» Records:
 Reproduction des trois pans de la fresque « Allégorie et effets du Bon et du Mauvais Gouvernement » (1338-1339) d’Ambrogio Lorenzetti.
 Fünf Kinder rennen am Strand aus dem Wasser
* * *
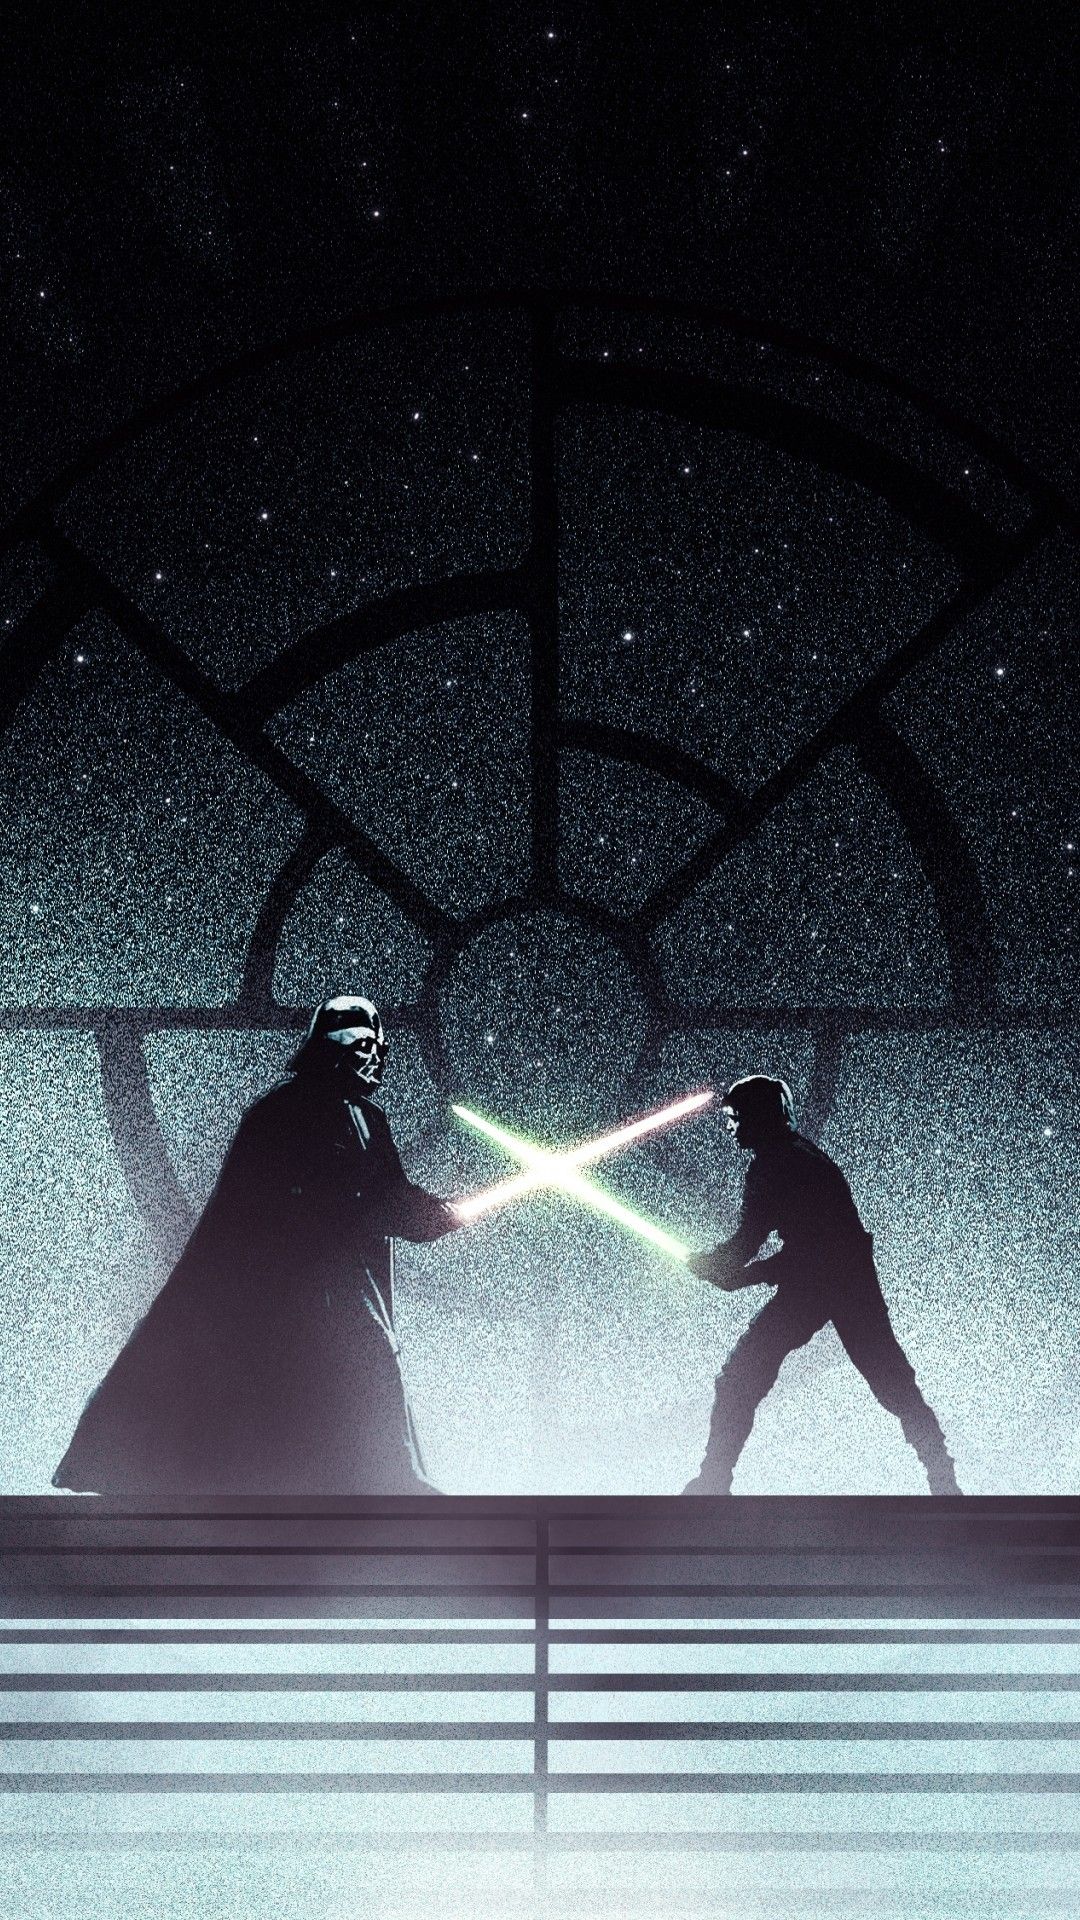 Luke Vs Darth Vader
* * *
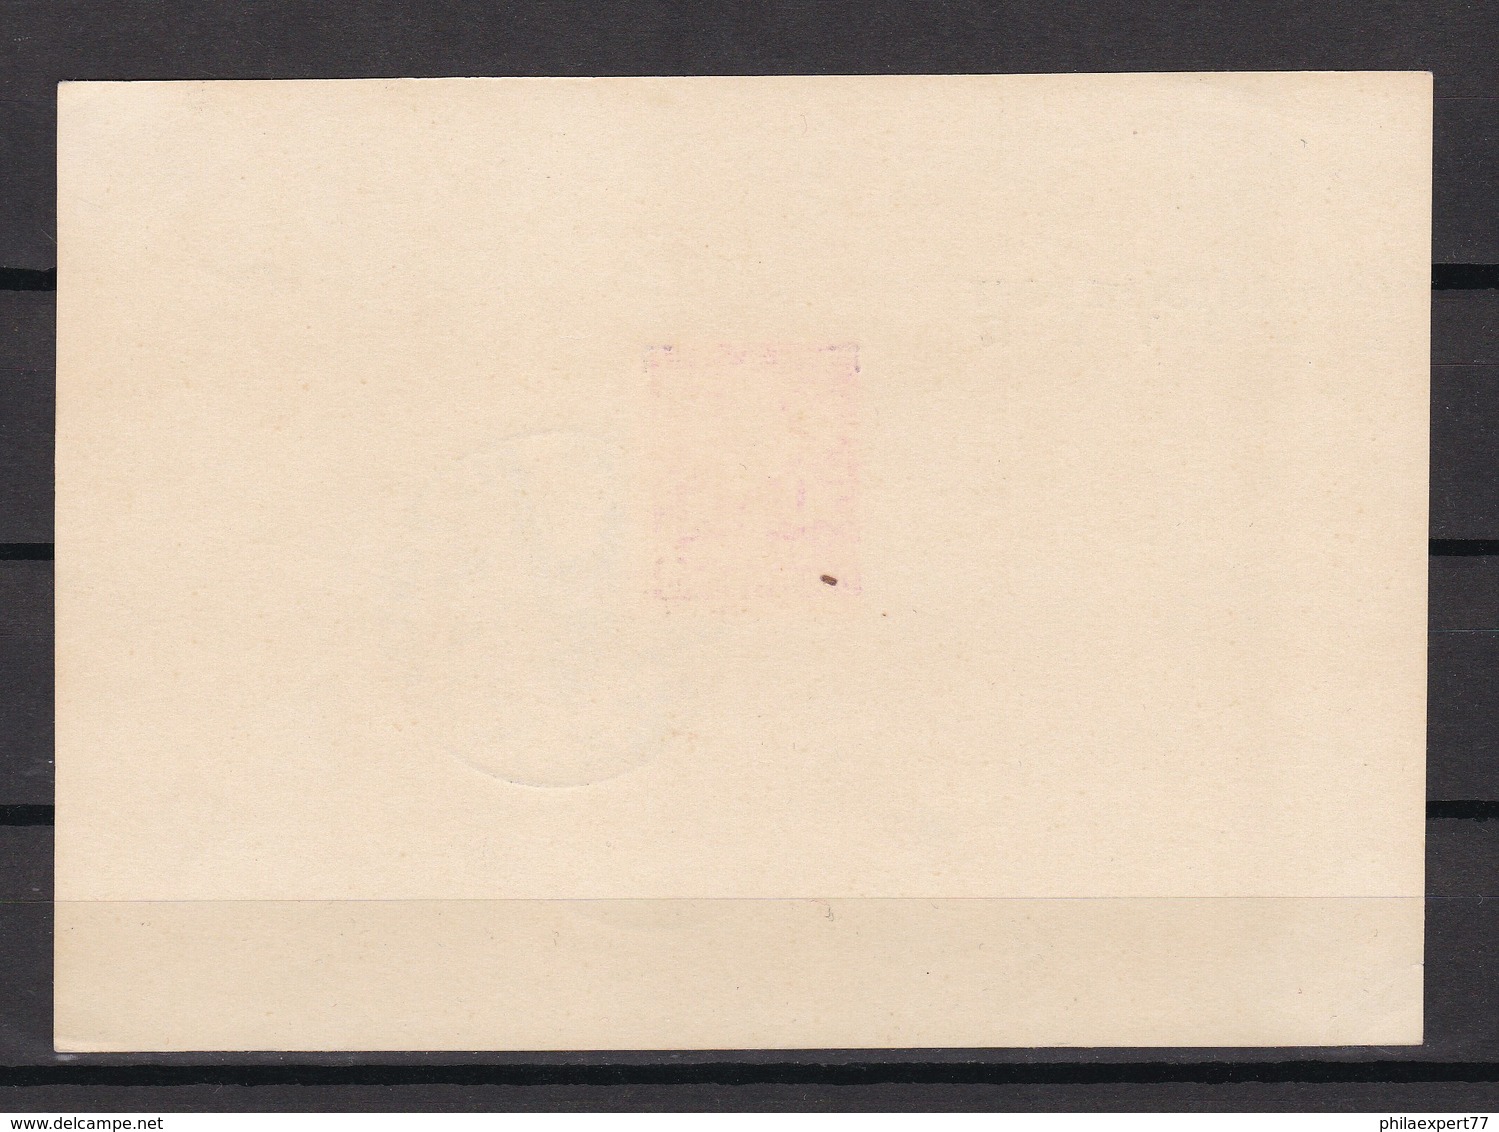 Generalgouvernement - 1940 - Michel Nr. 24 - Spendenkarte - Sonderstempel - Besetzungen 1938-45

» Task statement: Reproduce verbatim only the segment of the listing bounded by the line containing "Reproduction des trois" and the line containing "Fünf Kinder rennen am Strand aus dem Wasser", with both boundary lines included.

» Problem solution:
 Reproduction des trois pans de la fresque « Allégorie et effets du Bon et du Mauvais Gouvernement » (1338-1339) d’Ambrogio Lorenzetti.
 Fünf Kinder rennen am Strand aus dem Wasser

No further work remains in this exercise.